Ever see a chef prepare a cut of meat? There are a lot of ways to keep it tender and tasty, but one of the most dramatic methods is with a meat tenderizer. This simple, spiked mallet breaks down the toughness in the meat. This isn’t a gentle process, like marinating or slow-cooking, though. When the chef pulls out the tenderizer, brace yourself (and maybe cover your ears) for “WHAM!” The meat isn’t going to break down with just a tap, though, so the chef has to really apply some force: WHAM! WHAM! WHAM! WHAM-WHAM!

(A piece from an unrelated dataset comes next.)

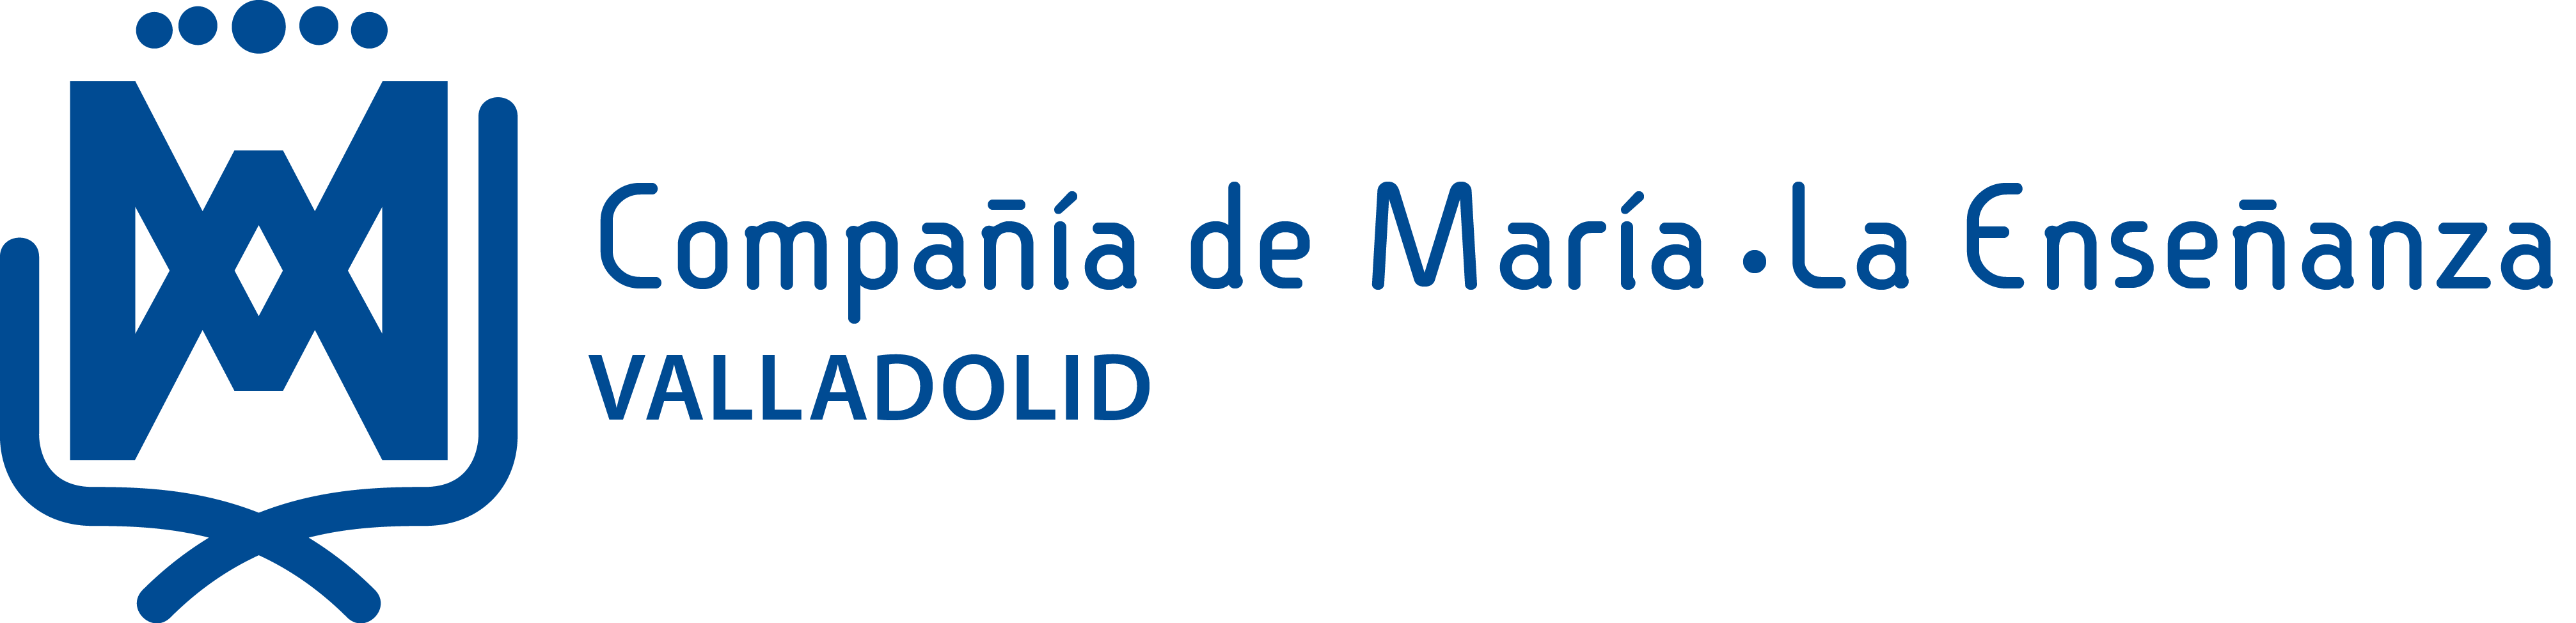 Compañía de María Valladolid La Enseñanza

In our lives, we all have some tough spots. These aren’t the callouses on our hands from hard work, nor the stains in the carpet that we can’t seem to get out. Instead, these are internal qualities, like hard-headedness and stubborn sins, which are more difficult to expunge.
In an ideal world, people would learn the truth about Jesus and choose to follow Him. On our respective paths of obedience, we would each receive the Holy Spirit to convict, empower, and direct us, and we would live a sinless life. Grace and love would pour out from us, as given to us by God in the first place.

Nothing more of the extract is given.